- _TASK INSTRUCTIONS_:
Leave out the images; return the rest of the data exactly.

- _SUPPLIED DATA_:
---

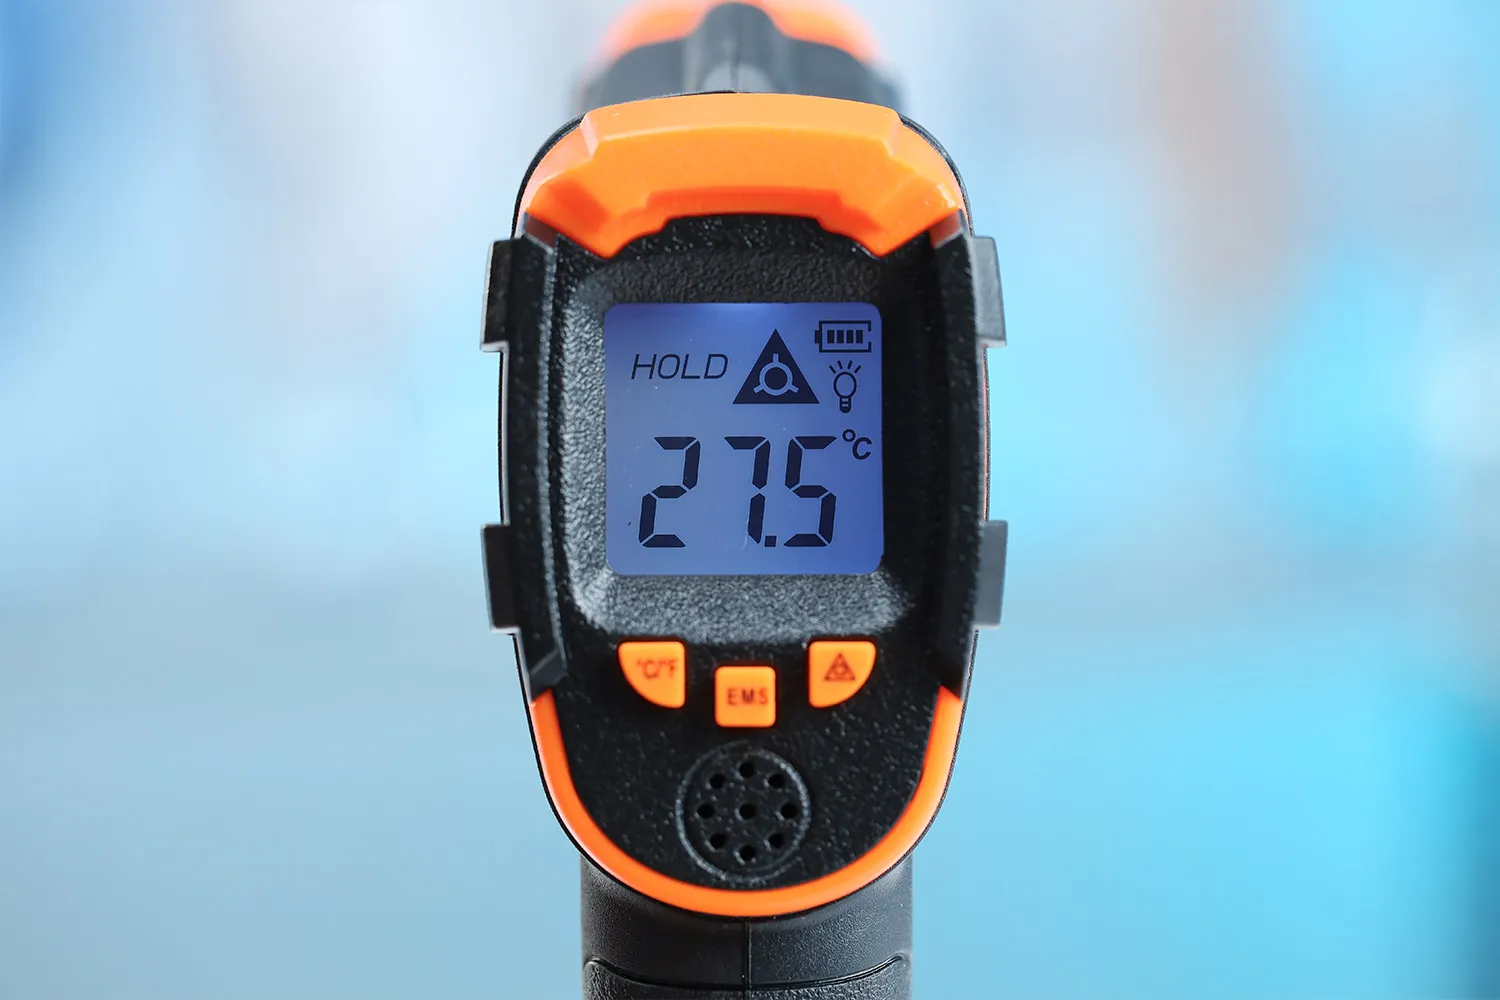 Kizen Infrared Thermometer Gun - Laserpro Lp300 Digital
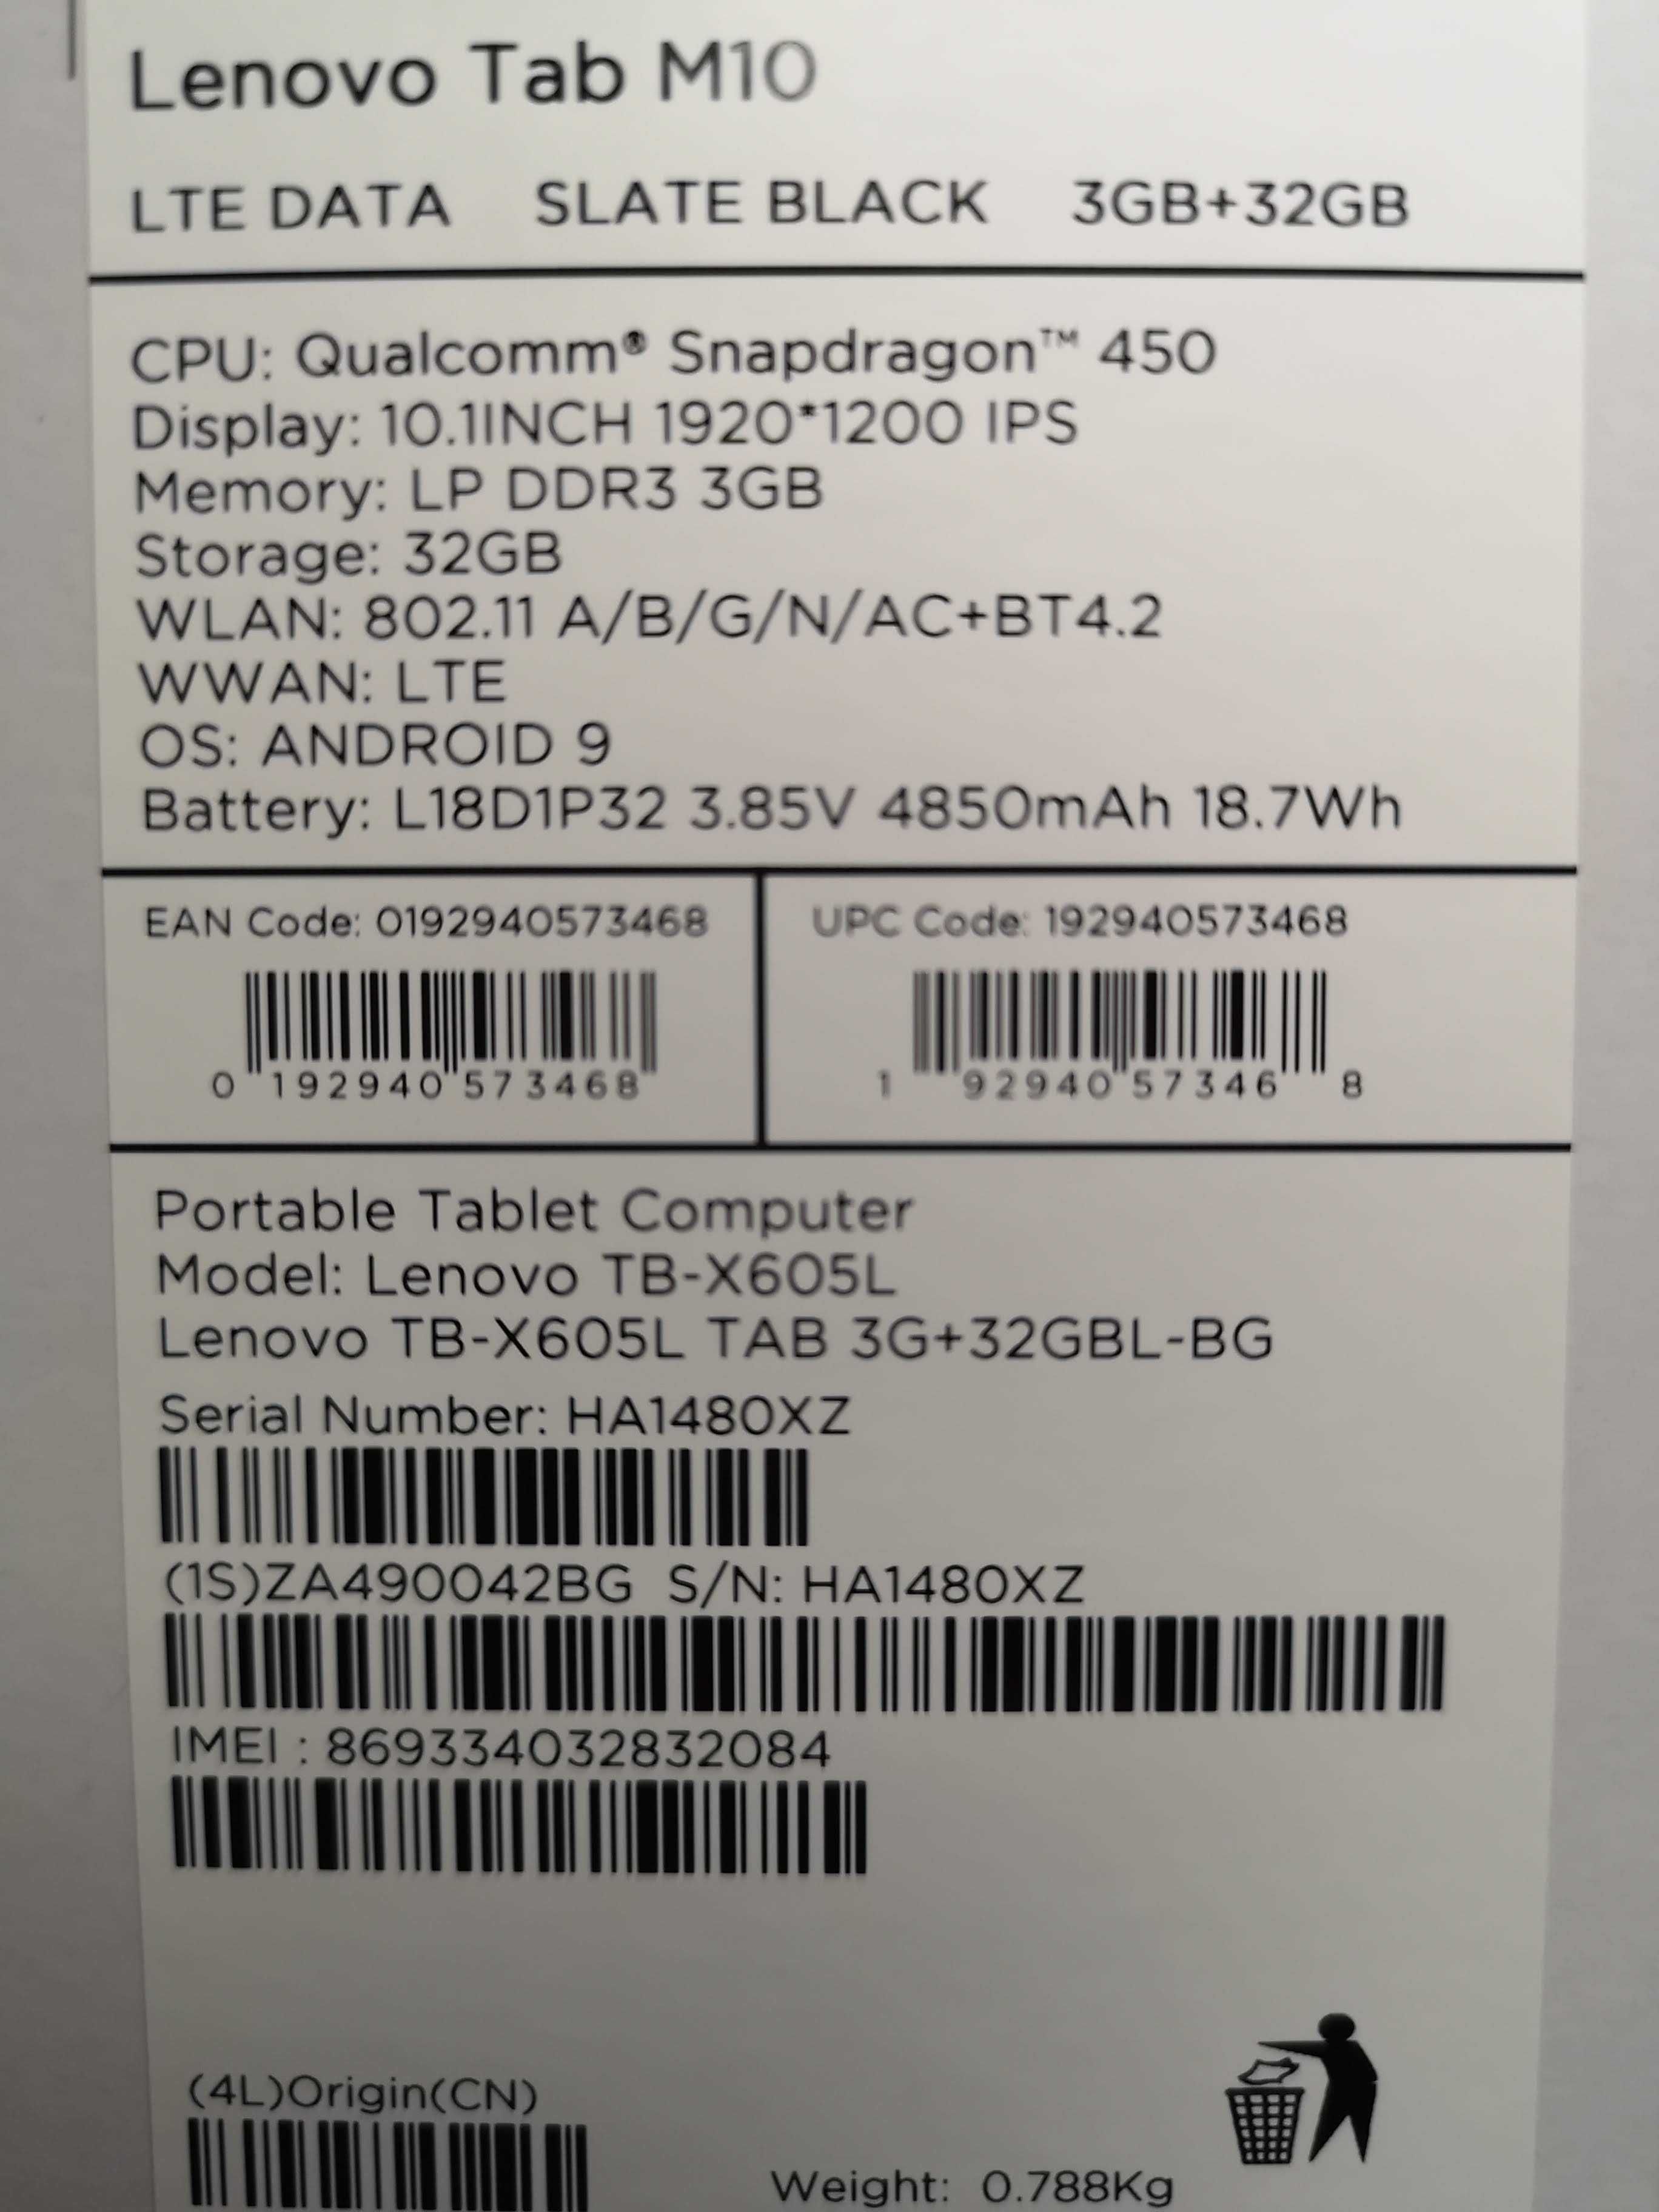 Vand tableta Lenovo Tab M10, Octa-Core 1.8GHz, 10.1", 3GB RAM, 32GB.
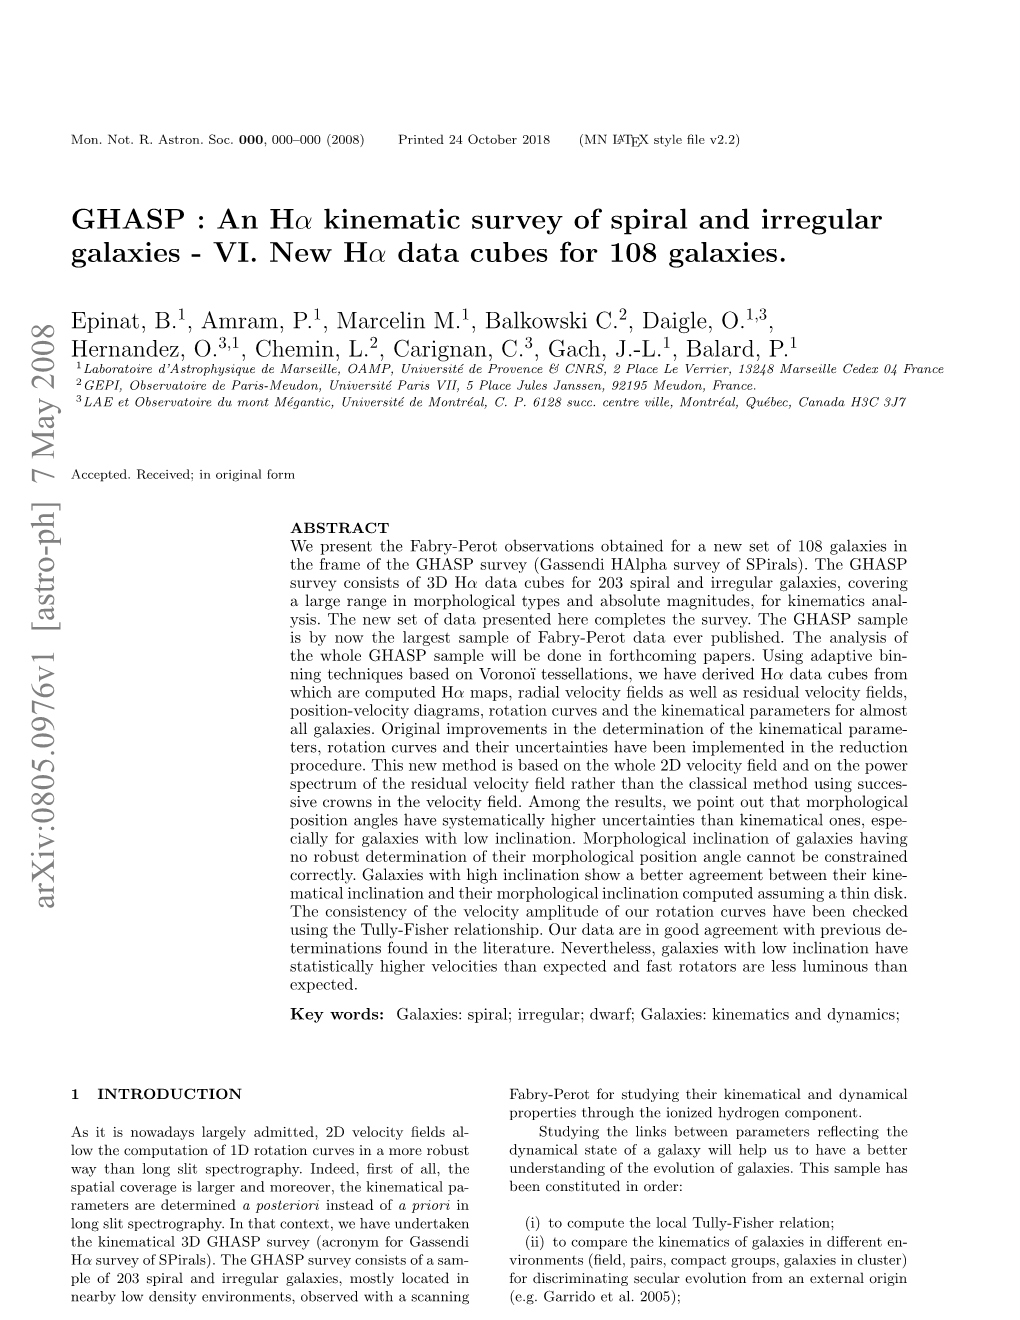 GHASP: an Halpha Kinematic Survey of Spiral and Irregular Galaxies-VI

---

- _EXPECTED OUTPUT_:
 Kizen Infrared Thermometer Gun - Laserpro Lp300 Digital
 Vand tableta Lenovo Tab M10, Octa-Core 1.8GHz, 10.1", 3GB RAM, 32GB.
 GHASP: an Halpha Kinematic Survey of Spiral and Irregular Galaxies-VI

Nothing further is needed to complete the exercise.